Tariff policies continue to be adjusted on the fly, and absolutely no one knows how all this will play out in the end. Toy and apparel makers will be deeply impacted given how much of their goods come from China. Given roughly half of all furniture comes to the U.S. via China, that industry will have major issues. The near 60% decline in the stock of RH RH so far in 2025 attests to those challenges. The agricultural complex will face some tough times, especially soybean farmers, given how much of their crop is sent to China.
I spoke to two friends who run restaurants here in Delray Beach over the weekend. Some key items have already become much harder to find, and they worry about increasing costs to their supplies new tariff policies will usher in. I spent Sunday afternoon with another friend watching Rory finally get his Grand Slam by winning the Masters. He is a chief financial officer with a real estate investment trust focused mainly on retail. The recent gyrations of the credit markets have complicated his role, and a planned refinancing has been on hold for now. In addition, several prospective retail tenants that were about to sign long-term leases have pulled out of negotiations at the last minute. It is hard to commit to additional fixed expenses when you do not know what your margins will be going forward.
Not all, however, is gloomy. The recent selloff in crude oil should push gasoline prices down significantly in coming weeks. The southern border is now as secure as it has been in a generation. This should help on the rental inflation front, all things being equaled. The March Bureau of Labor Statistics jobs report came in significantly stronger than expected, but we will have to see what impacts new tariffs will have on the jobs market in the months ahead. The yield on the 10-Year Treasury has quickly rose from just under 4% to close at 4.5% on Friday. But the yield was near 4.8% earlier in January before the new administration was inaugurated it should be noted.

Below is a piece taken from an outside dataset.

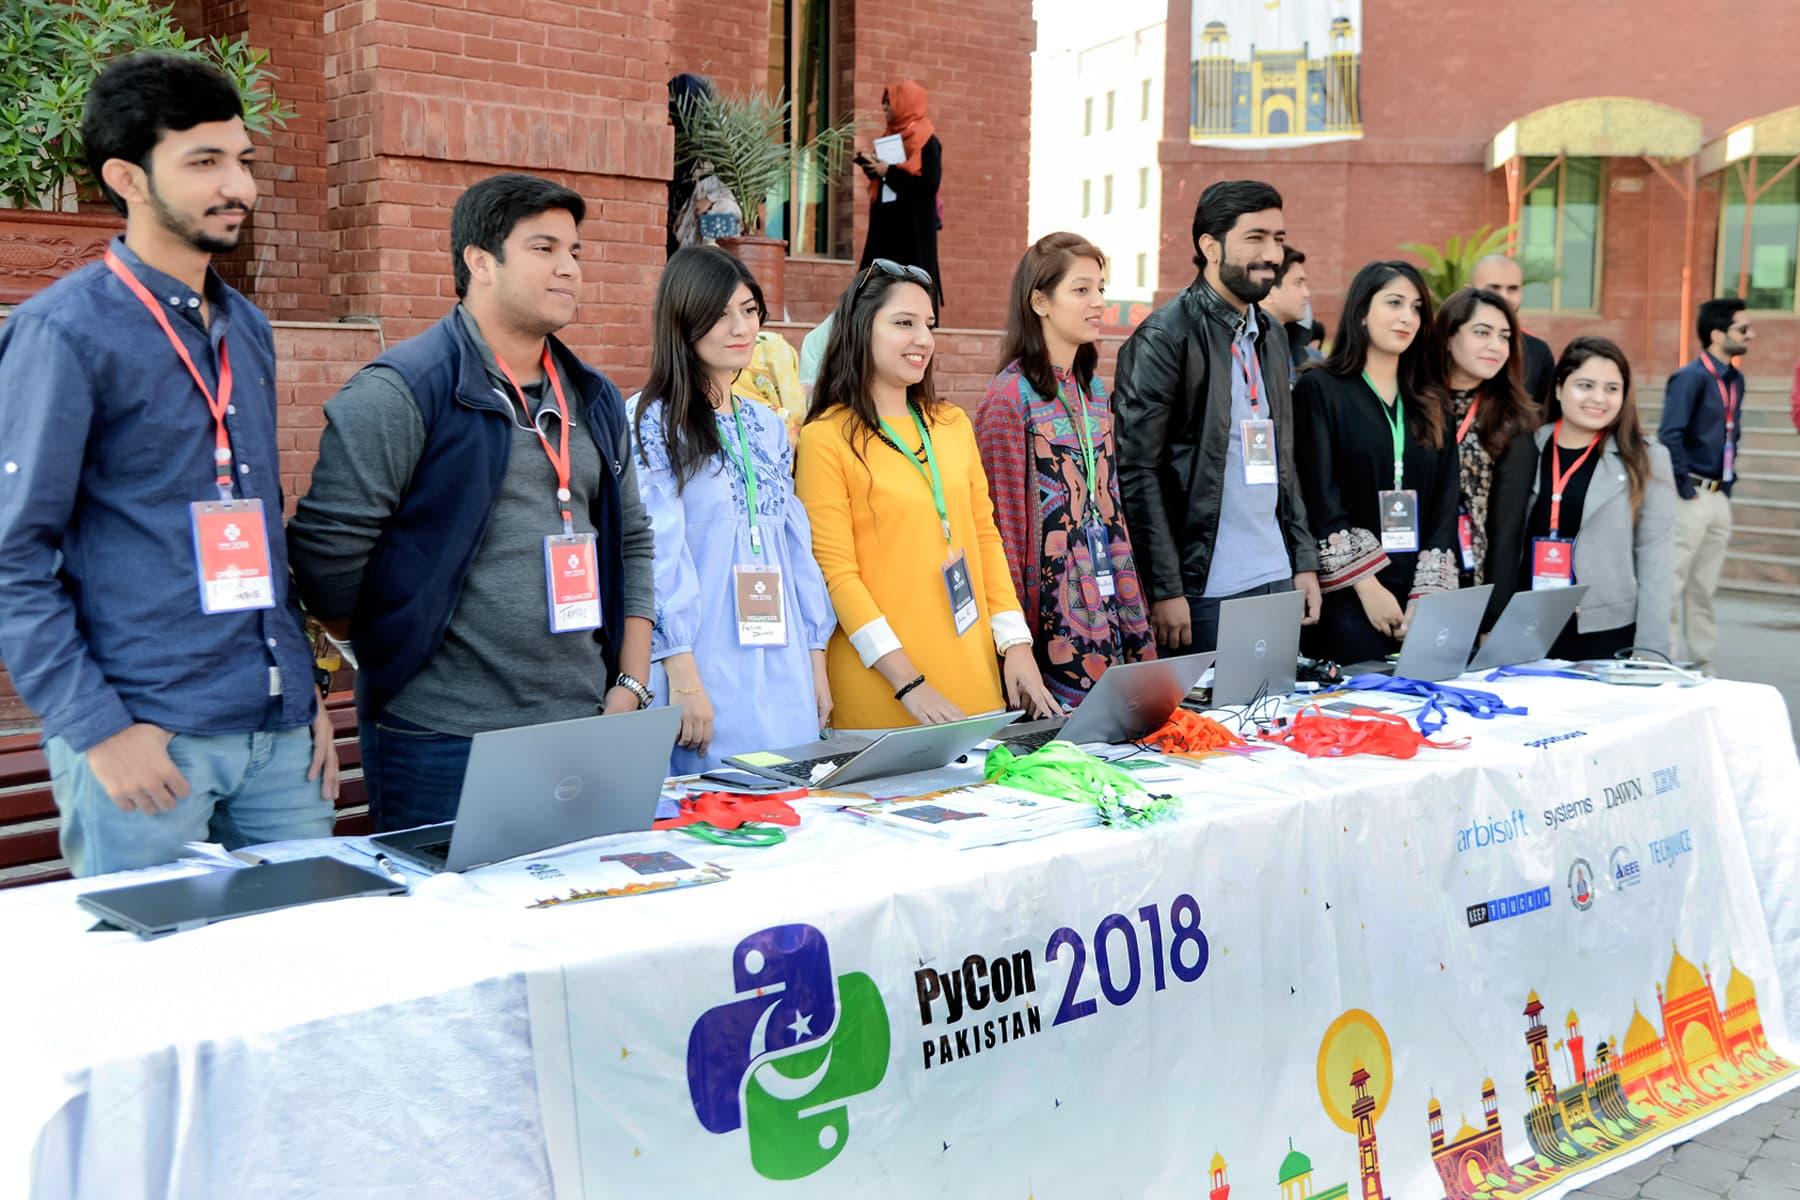 Registration desk at PyCon 2018
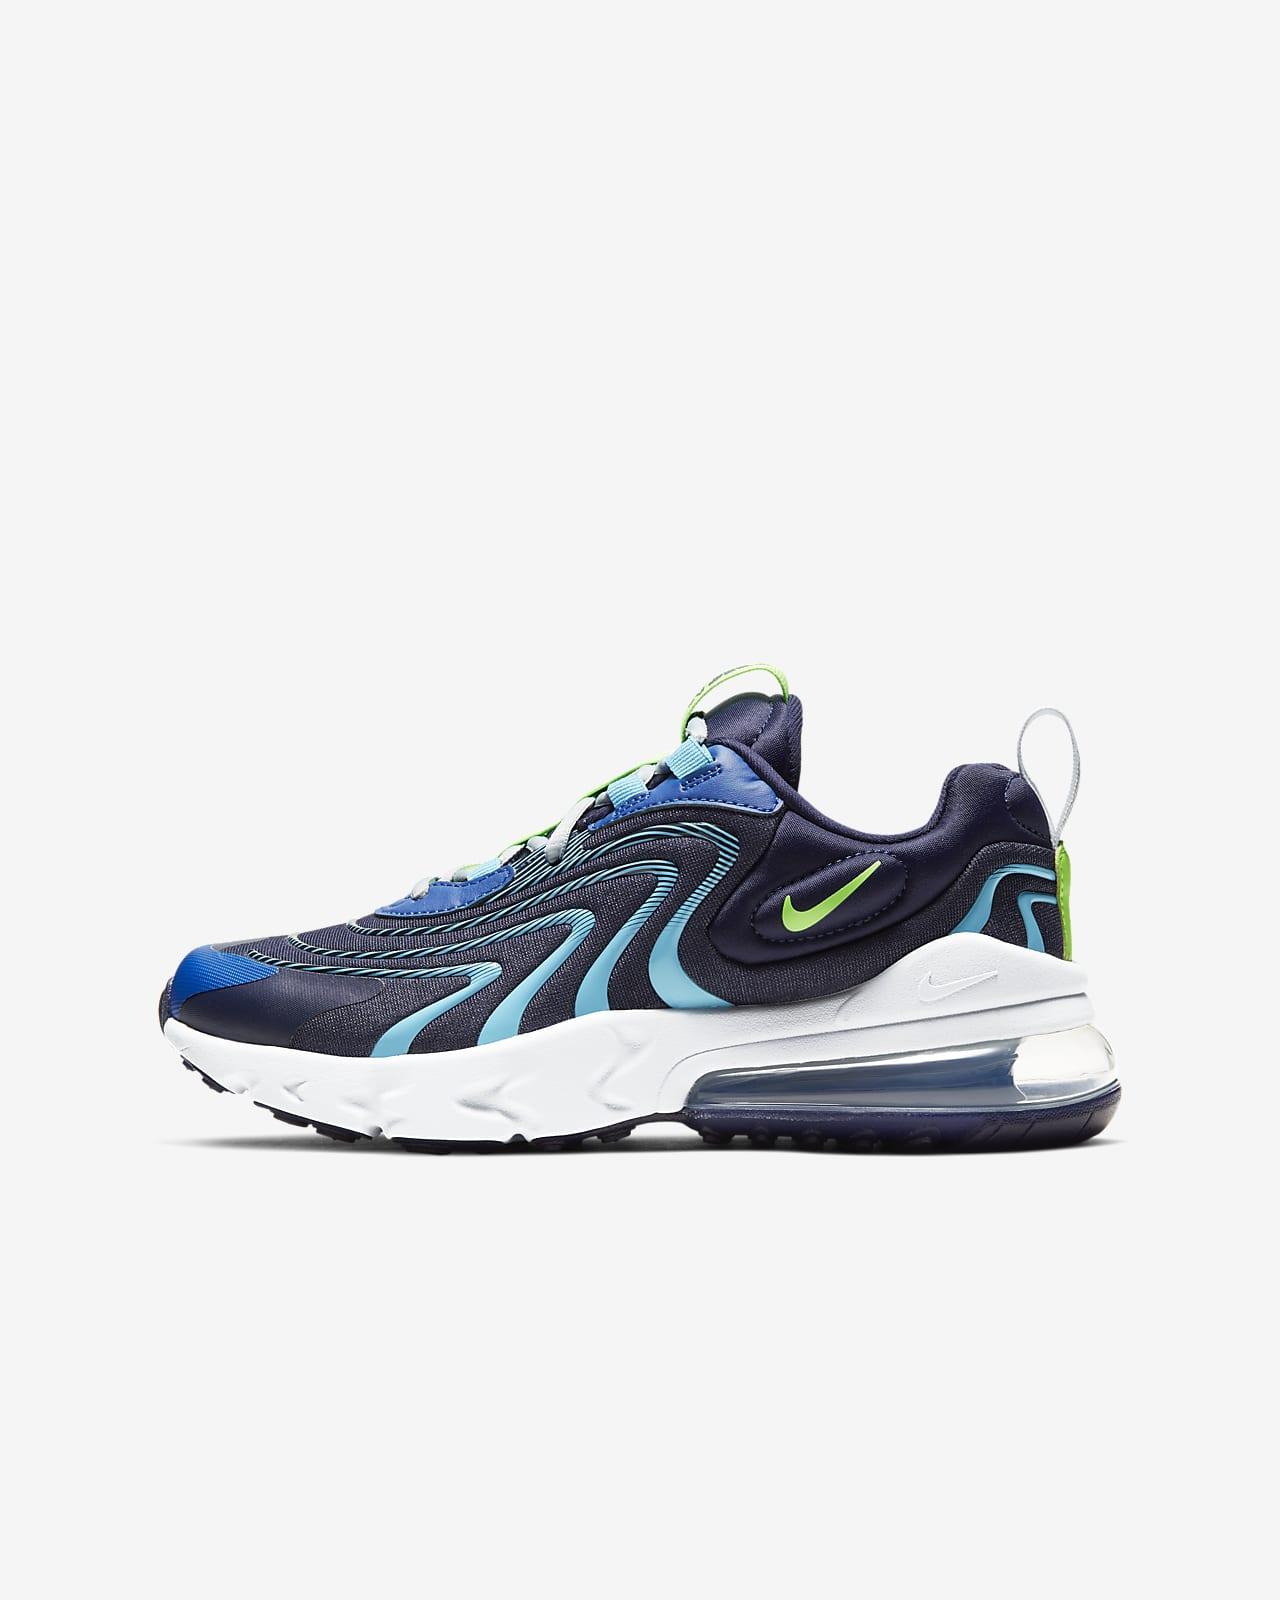 Nike Air Max 270 React ENG Schuh für ältere Kinder

There is always the hope that new trade deals will be agreed to with at least one major trading partner in the coming weeks, or at least enough of a framework to call off the new tariffs pending working out all the details. A major trade agreement would likely trigger a significant rally in the market.
My view remains the markets are likely to be quite volatile in the weeks ahead. Therefore, when the market rallies, I will be rolling some of my covered-call positions forward. When equities sell off, I will deploy some of my dry powder back into the market using covered call orders. I am trying to stick to stocks with reasonable valuations in companies that are profitable, have great balance sheets, and should see manageable or minimal impacts from the emerging trade wars. I highlighted one of these names, Exelixis EXEL, in my weekend column. Wednesday, I will profile some similar ideas as we all try to navigate through a fast-changing macroeconomic backdrop.
At the time of publication, Jensen was long EXEL.